Once again, I find myself revisiting the proposition that the very concept of history is alien to our current culture. As a rule I have written this off as an unanticipated consequence of the world the Internet has made, but I found an interesting observation in support of this hypothesis on the BBC News Web site this morning. The observation came from a report of an role-reversal experiment involving two reporters. The author of the story, Zoe Kleinman, was a heavy Twitter user; and she agreed to change places with her colleague, Carolyn Rice, whose use of Twitter was negligible. Basically, each took over the other's account for a 24-hour period (after sending out respective tweets that this exchange would be taking place).
The most interesting observation for me came from Rice:
One of the first things I noticed about using Twitter was the lack of history or the speed which people forget (or perhaps they hadn't paid attention in the first place).
It was my first experience of how instant and transient Twitter can be.

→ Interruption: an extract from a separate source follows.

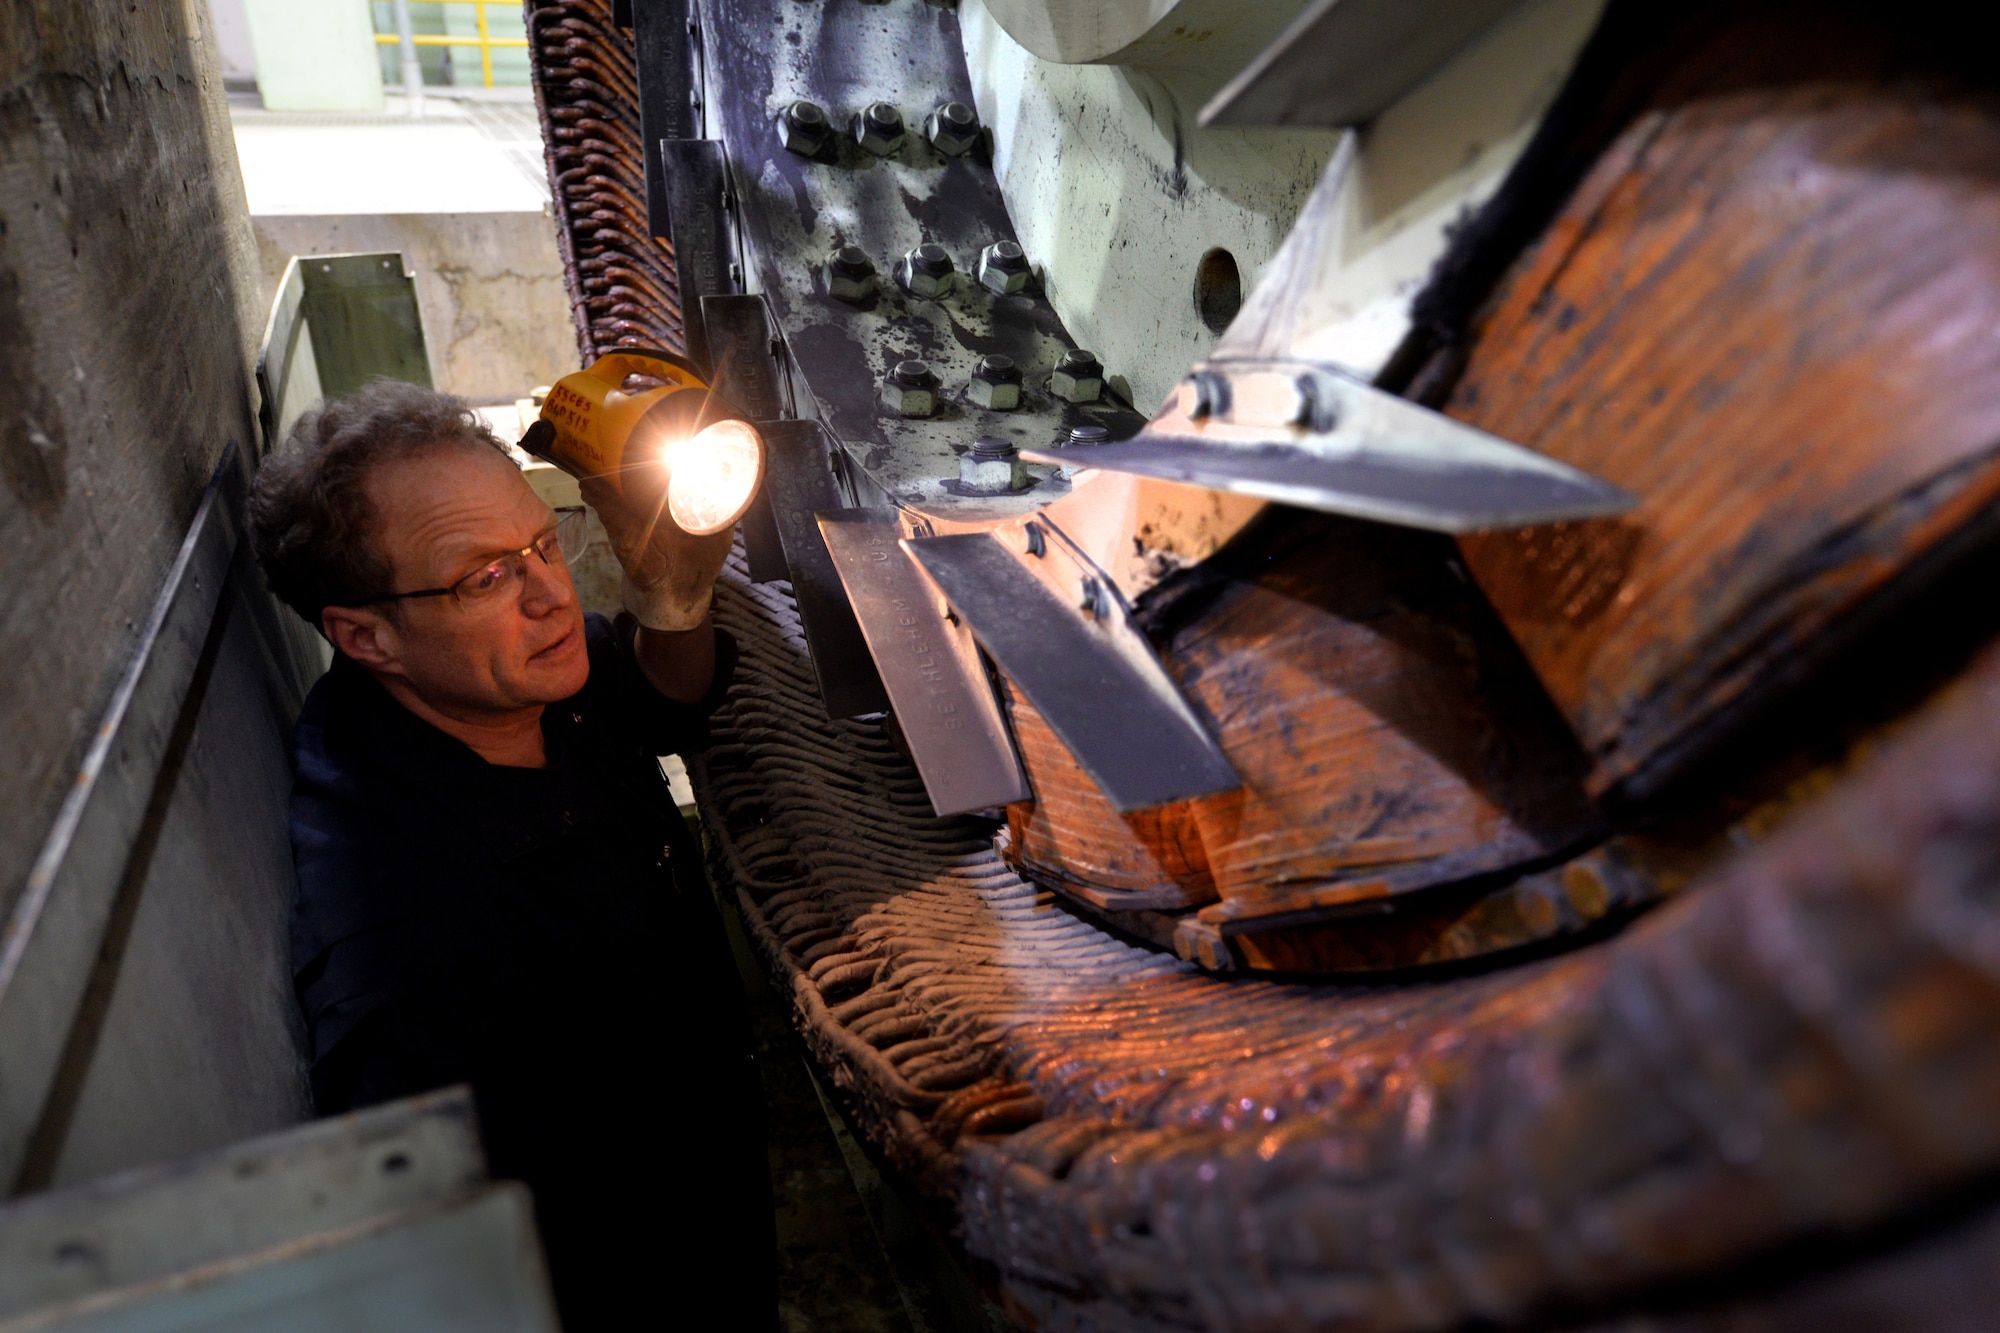 Dave Cormack, 55th Civil Engineer Squadron power support systems mechanic, inspects an alternator for flood damage on Offutt Air Force Base, Nebraska, March 28, 2019. The generators were partially submerged in flood waters following an inordinate amount of snowfall, in the midwest, coupled with several other factors resulted in record-flooding of the adjacent Missouri River.  (U.S. Air Force photo by Josh Plueger)

In other words not only is Twitter "all about the Now" (think of some of the tweeting habits of many users) but also it entails an emphasis on the Now that excludes the Then, so to speak. Put another way, anything that is not currently happening is no longer relevant, which seems like a slightly more convoluted way of saying what Henry Ford said (not that anyone remembers this in the Twitter Age), "History is bunk." Worse, this attitude probably only matters to those who still think there is value in an understanding of history! So it goes (as one historical reflection put it).
1 comment:
I've heard something like this many years ago, but I'm too poor at scholarship to recall where. In the West, generally people think about the future; in the Middle East, people reflect more on the past (I would presume these observations could be grounded just measuring the time/intensity/consequence spent thinking one way or another). As to zen-like thinking only of the present, I'd guess that is orthogonal to these modes.